For consumers, the most obvious sign that there is an electrical continuity issue with their wiring is when plugged-in electrical devices fail to work. However, unintended breaks in continuity can have more serious consequences, such as electrical fires or damage to electrical equipment, and therefore, it is recommended that all electrical wiring be kept in good working order and properly maintained.
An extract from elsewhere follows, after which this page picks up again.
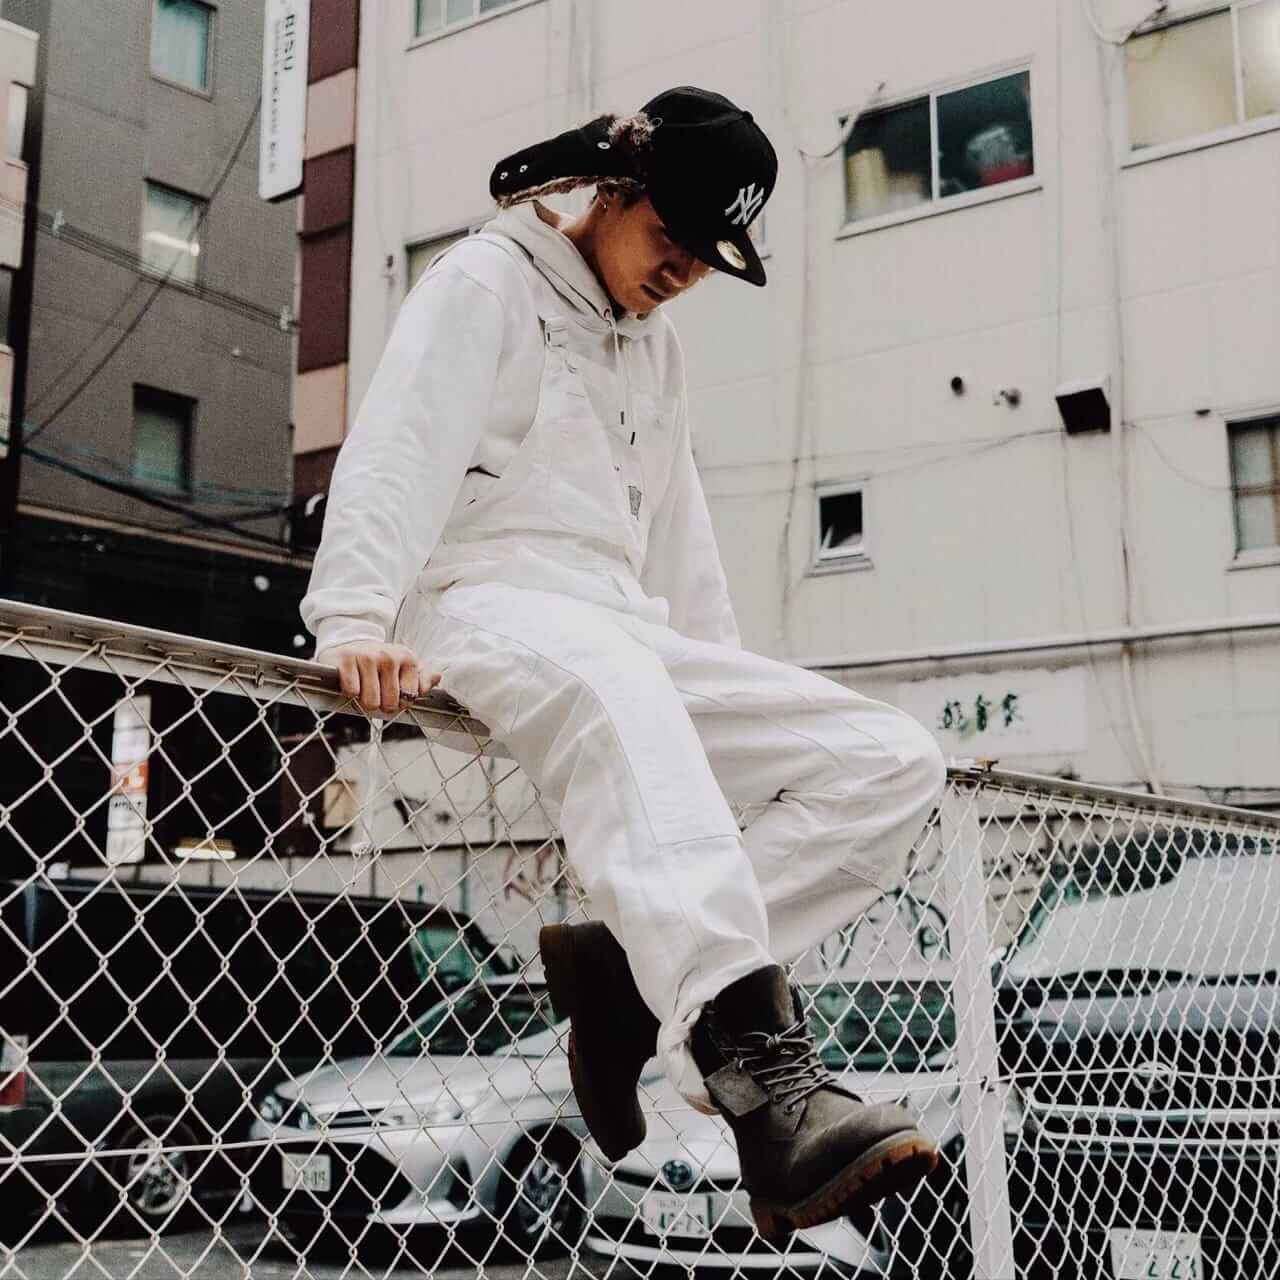 "iCE KiD インタビュー |「""ジャンル ✕ ジャンル"" でジャンルの壁をぶっ壊すイメージで制作している」【IYOW 】"

A number of devices are manufactured to assist consumers in testing electrical continuity, ranging from multimeters, which have a wide range of additional applications, to simple testers that light up if continuity is present. These devices use two electrical probes, which form a complete circuit when touched together. Consumers can test the device to ensure that it is working properly by turning it on and touching the probes together – the meter should read zero, or the indicator light should turn on, indicating a closed circuit. When the probes are not touching anything, the metered device will read infinity, showing that the circuit is open.

When testing a circuit for electrical continuity, consumers should first cut off power to the circuit by unplugging the device or turning off the main circuit breaker. Failure to do this may result in severe shock. To test for electrical continuity, turn on the testing device and place one probe at each pole or terminal of the circuit being tested. When testing a switch, for example, if the switch is in the "on" position, the reading should be close to zero, and when the switch is off, the reading should be infinity. A simpler continuity tester with an indicator light will be illuminated when the switch is on, and dark when it is not.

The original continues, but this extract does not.